Division of Infectious Diseases, Department of Medicine, Emory University School of Medicine, Atlanta, Georgia.
Office of Quality, Emory Healthcare, Atlanta, Georgia.
Infect Control Hosp Epidemiol. 2020 Mar;41(3):369-371. doi: 10.1017/ice.2020.5. Epub 2020 Jan 30.
Accurately diagnosing urinary tract infections (UTIs) in hospitalized patients remains challenging, requiring correlation of frequently nonspecific symptoms and laboratory findings. Urine cultures (UCs) are often ordered indiscriminately, especially in patients with urinary catheters, despite the Infectious Diseases Society of America guidelines recommending against routine screening for asymptomatic bacteriuria (ASB).1,2 Positive UCs can be difficult for providers to ignore, leading to unnecessary antibiotic treatment of ASB.2,3 Using diagnostic stewardship to limit UCs to situations with a positive urinalysis (UA) can reduce inappropriate UCs since the absence of pyuria suggests the absence of infection.4-6 We assessed the impact of the implementation of a UA with reflex to UC algorithm ("reflex intervention") on UC ordering practices, diagnostic efficiency, and UTIs using a quasi-experimental design.

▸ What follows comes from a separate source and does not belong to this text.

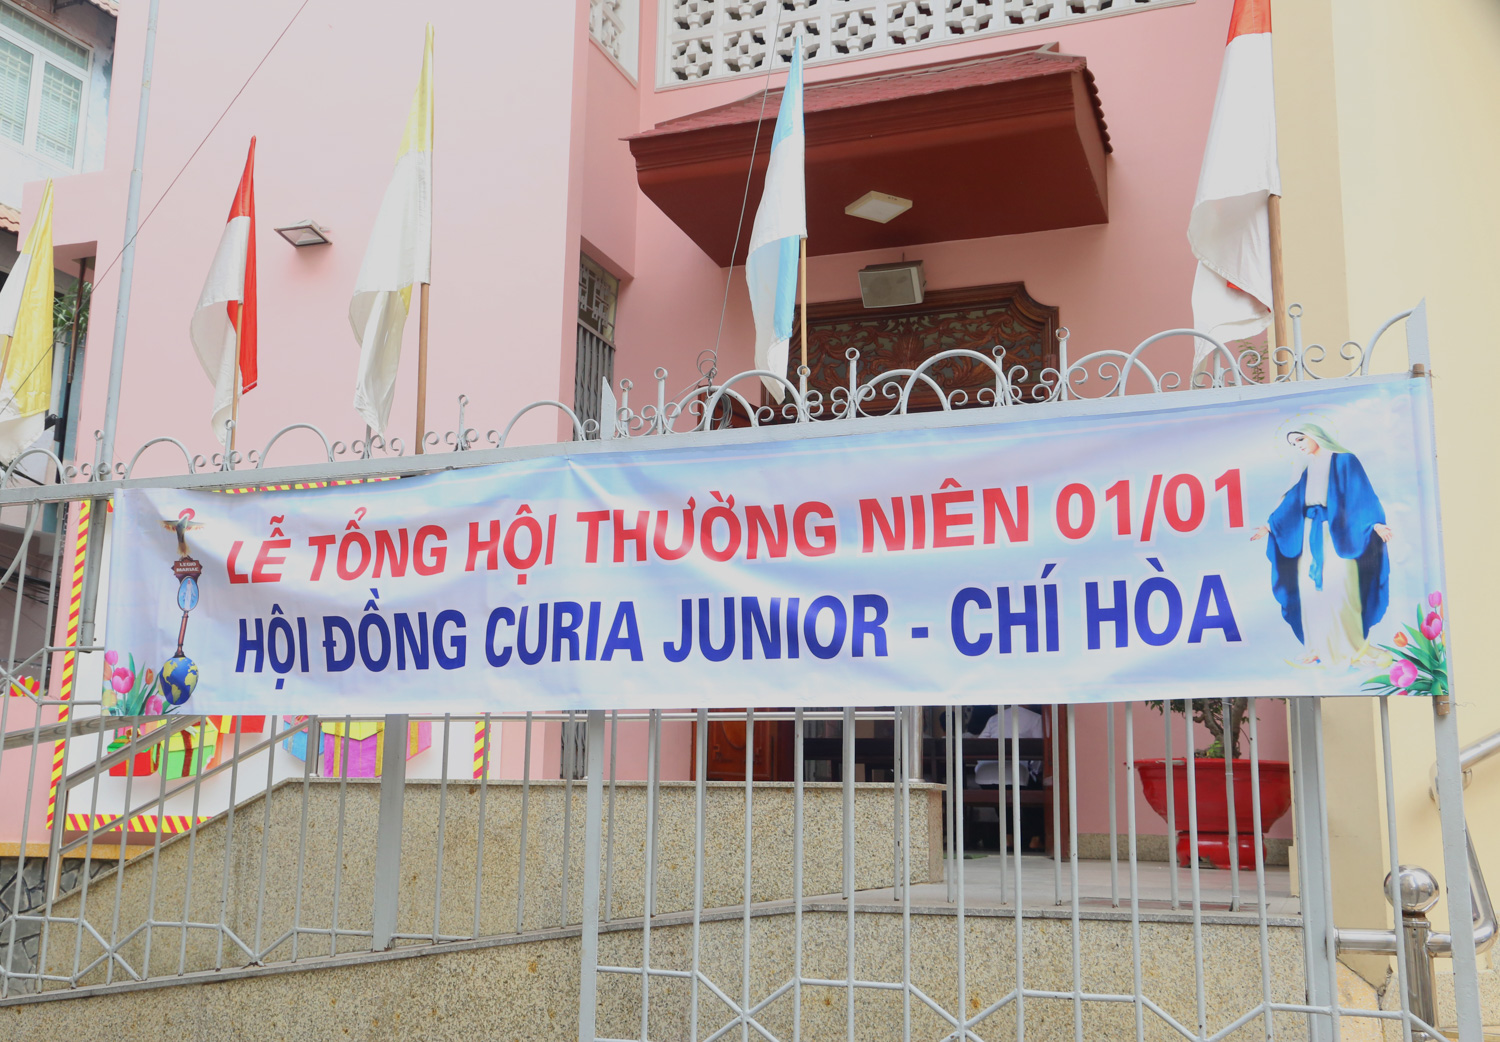 Giáo xứ Nam Thái: Hội đồng Curia Junior Chí Hòa II tổ chức Tổng Hội Thường niên ngày 1-1-2021

准确诊断住院患者的尿路感染(UTI)仍然具有挑战性,需要结合经常出现的非特异性症状和实验室发现进行判断。尽管美国传染病学会指南建议不要对无症状菌尿症(ASB)进行常规筛查,但尿液培养(UC)通常仍被不加区分地开具,尤其是在留置导尿管的患者中。1,2 阳性 UC 可能使提供者难以忽视,从而导致对 ASB 的不必要的抗生素治疗。2,3 使用诊断管理策略将 UC 限制在具有阳性尿液分析(UA)的情况下,可以减少不适当的 UC,因为无脓尿表明不存在感染。4-6 我们使用准实验设计评估了实施 UA 与 UC 算法的关联(“反射干预”)对 UC 开具实践、诊断效率和 UTI 的影响。